Perioperative Approach to Substance Users
Preoperative Assessment
Focused history should determine: - Last use (timing and amount) - Route of administration (infection risk with IV use) - Duration and frequency of use - Previous anaesthetic complications - Current withdrawal symptoms or risk thereof
Laboratory Considerations
Consider checking: - Electrolytes (particularly sodium in MDMA users) - Liver function (chronic alcohol, MDMA, cocaine, volatile substance abuse) - Renal function (cocaine, amphetamines, synthetic cannabinoids) - ECG (prolonged QT with cocaine, MDMA, methadone) - Troponin if recent stimulant use with chest pain
Drug Testing
Urine drug screening detects recent use but doesn't correlate with current intoxication or impairment. Cocaine metabolites detectable for 2-4 days, cannabis for days to weeks, amphetamines for 2-3 days, opioids for 1-3 days depending on agent. Synthetic drugs may not appear on standard screening.
Elective Surgery Timing
Where possible, delay elective procedures: - 24-48 hours after stimulant use (cocaine, amphetamines) to allow cardiovascular system stabilisation - Until acute intoxication resolved for any substance - Optimise treatment for substance use disorder prior to surgery
Clinical Relevance
Understanding illicit drug pharmacology is crucial for safe anaesthetic practice. Key principles include:
Cardiovascular instability is common with stimulants requiring careful haemodynamic monitoring and judicious use of vasopressors-direct-acting agents preferred over indirect-acting in acute intoxication but both may produce unpredictable responses.
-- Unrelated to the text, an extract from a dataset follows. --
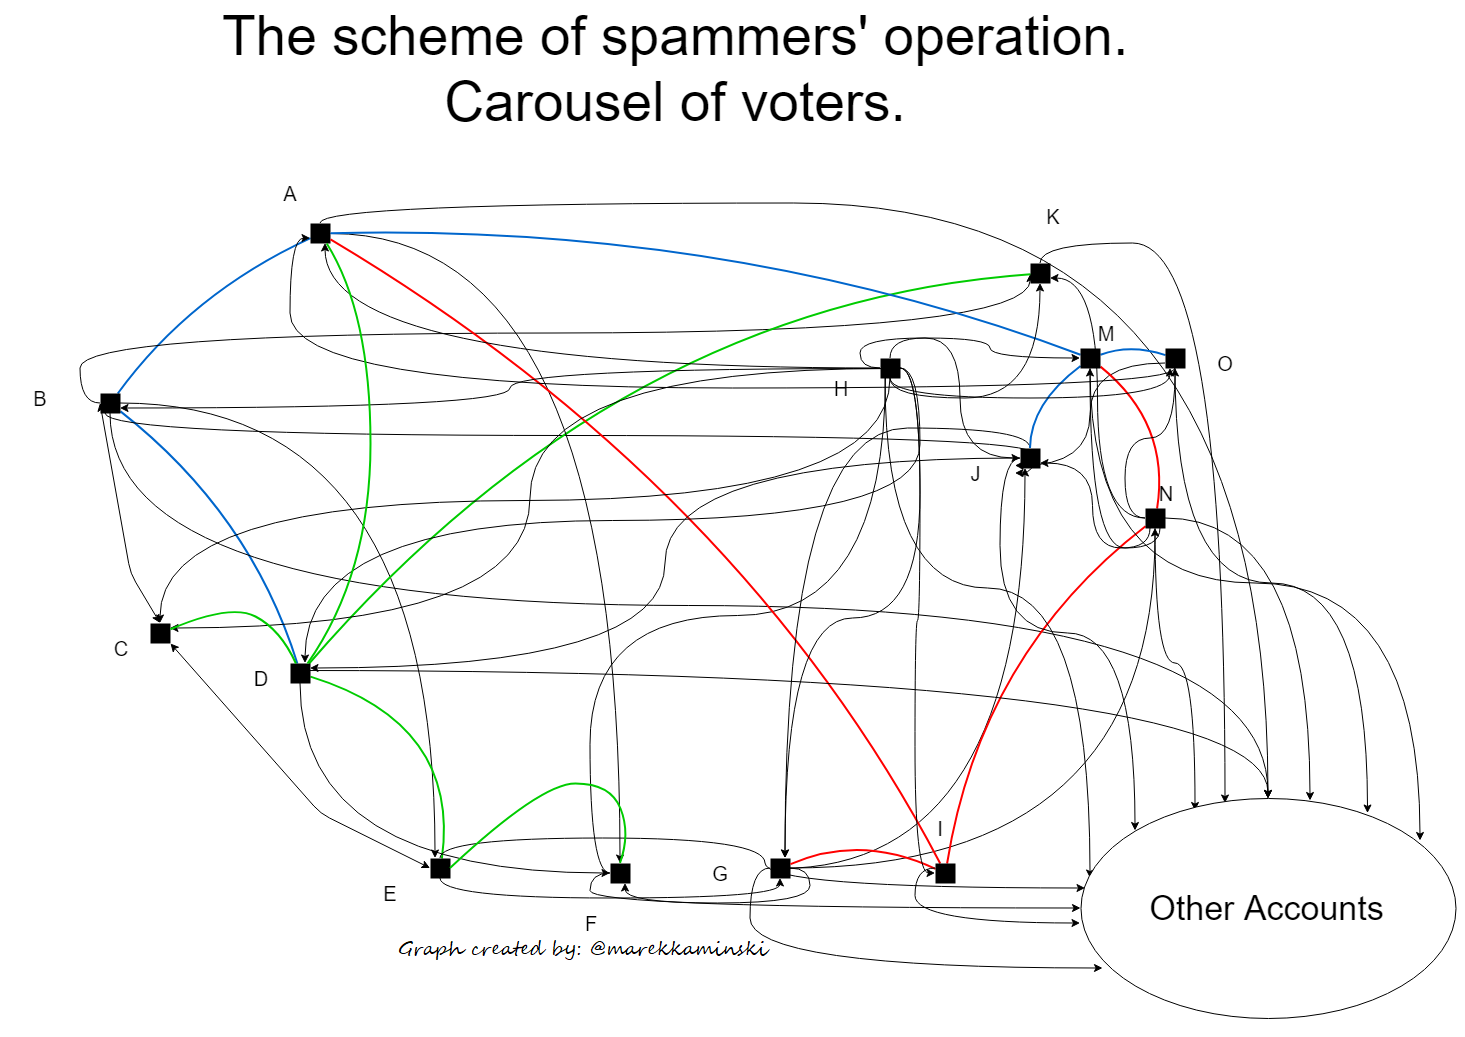 Scheme of spammer accounts.png

Analgesic requirements are typically increased in chronic opioid and cannabis users requiring aggressive multimodal analgesia and early pain service involvement. Baseline opioid requirements must be maintained to prevent withdrawal.
Withdrawal syndromes particularly from opioids, benzodiazepines, and alcohol require prophylaxis and treatment as they worsen surgical outcomes and may be life-threatening.
Serotonin syndrome risk necessitates caution when combining serotonergic anaesthetic agents in patients using MDMA, LSD, or cocaine.
MAC requirements and sedative drug dosing may be altered bidirectionally depending on acute versus chronic use patterns and specific substance involved.
Regional anaesthesia techniques become particularly valuable in this population by reducing general anaesthetic and opioid requirements while providing superior analgesia.
A non-judgmental approach facilitating honest disclosure optimises patient safety and perioperative care planning.